A multinational company's clear view on communication in its own backyard

Heineken is a role model for others in many areas of communication. The company adopted a global marketing strategy earlier than many other multinationals. Since the 1990s, the brand has been working hard to have the same face in all countries.

Heineken is also well aware that the modern beer drinker does not just watch television, but meanwhile tweets on his smartphone and plays a game online on his iPad. Therefore, Spectre's James Bond campaign is multimedia. Through a TV commercial, viewers are enticed to immediately download an app and solve an exciting mystery by cracking a code. Heineken understands where marketing is going and realises that the push strategy of campaigns is finite. That is why it seeks to connect with its consumers. They can save on the revamped site for free gadgets and privileges, such as backstage passes and meet-and-greets with artists.

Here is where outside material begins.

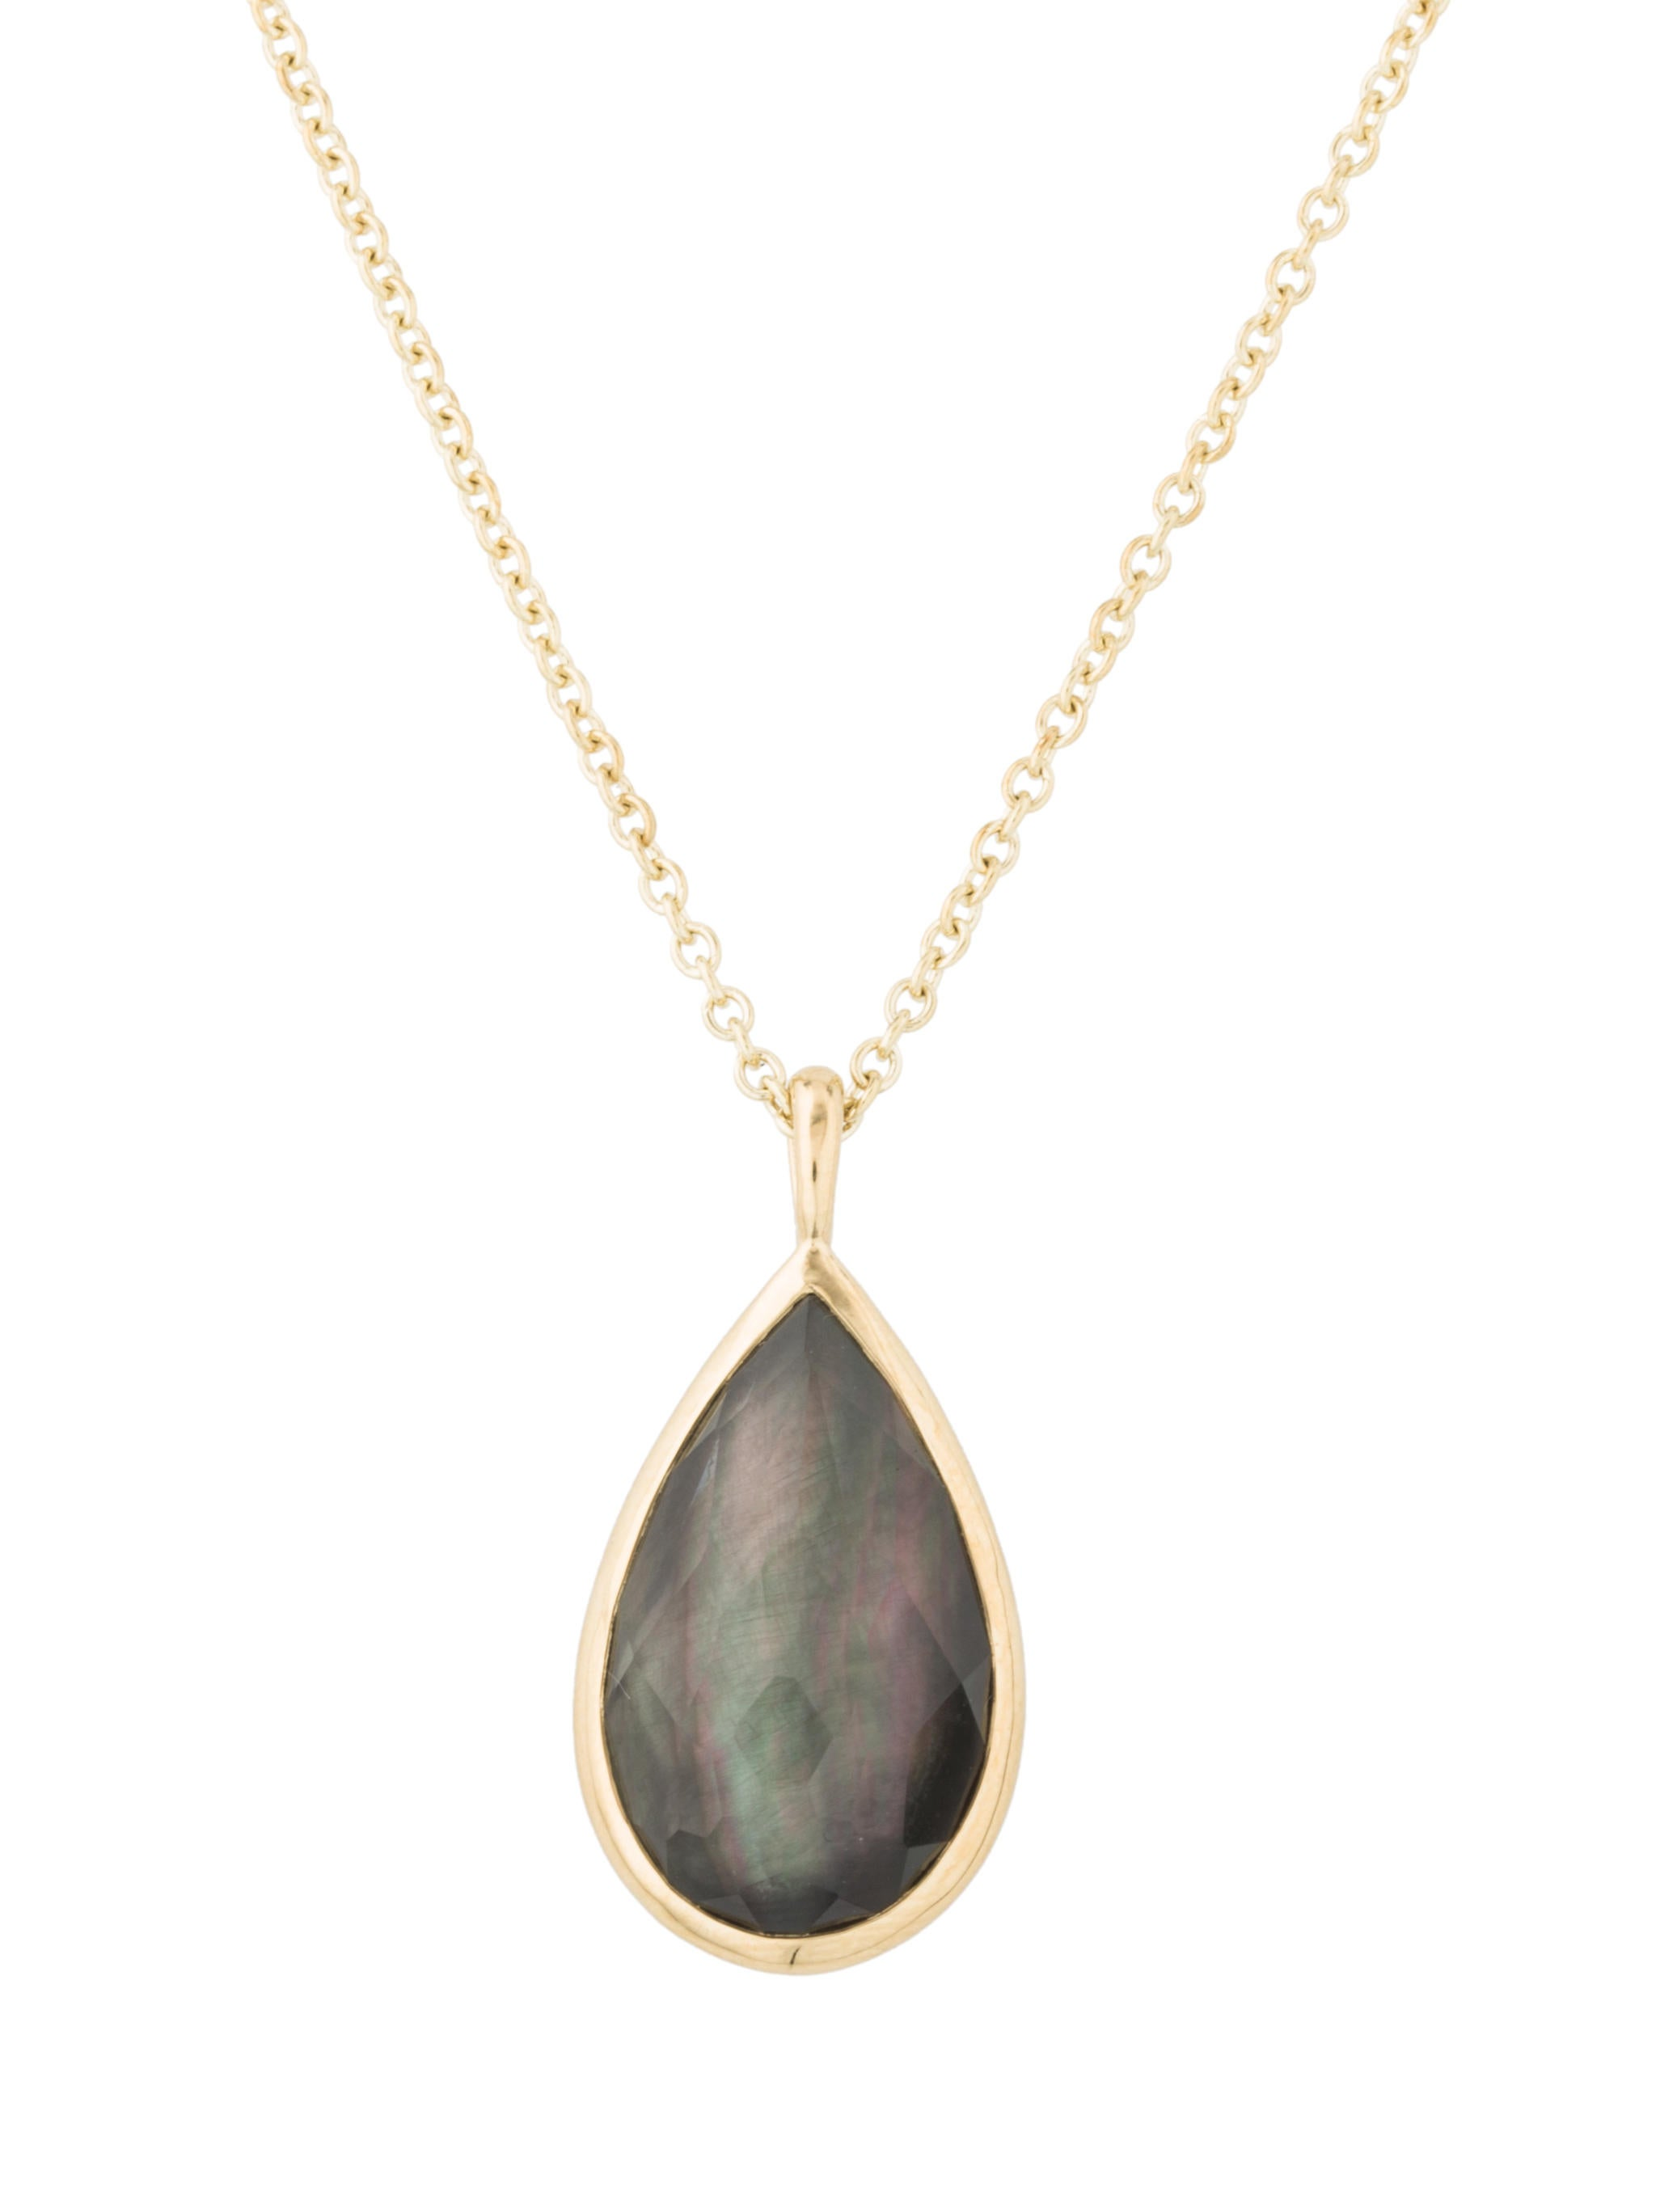 Ippolita 18k Rock Candy Medium Teardrop Pendant Necklace SOn5xWV

The importance of the local stakeholder
The company is also far ahead in recognising the importance of the local stakeholder within its communication strategy. Heineken is active in 178 countries and it now realises that in all those countries and all its locations, it must also seek contact with local governments, social organisations, independent professionals, local residents and the local labour market. Such initiatives, in which the bond between company and surroundings is strongly accentuated, also fit within Corporate Social Responsibility. As an example: one should not see the brewery in 's-Hertogenbosch, where beer is brewed for 150 countries, as a local branch of a multinational but as a real Bosch company. Because it is. So, for example, Heineken presents itself on the eleventh of the eleventh as the Oeteldonkse Hofbrouwerij and has its beer tested that day by the Council of Eleven. In addition, Heineken has engaged a local advertising agency in 's-Hertogenbosch to portray the relationship between brewer and city.

Social anchoring
Capital Advertising, as a local partner, shaped the social anchoring with the city. Among other things, it provided the spectacular decoration of containers in the form of a triptych along Rietveldenweg. There, we see the famous Bossche dragon snaking around a beer bottle neck, and the agency also shows that the typography of the brand is so strong that wherever we write ''s-Her'', we soon read Heineken anyway. The campaign made the front pages of local newspapers and that, of course, is precisely what the big brewer aims for. Heineken always shows to be at the forefront of its marketing strategy. So consider this article mainly as a wake-up call: how have you organised your local anchoring? Later, with a tighter labour market, expansion plans or stricter licensing requirements, for example, your social anchoring may well prove to be the tool with which you can steer the ship through the storm. Take stock of this for yourself. Beer in hand.

In recognising the importance of the local stakeholder, Heineken is way ahead.

Beer giant Heineken operates in 178 countries, has more than 19,000 employees and produces 22 billion litres of beer annually (by comparison, annual milk production in the Netherlands is 11 billion litres).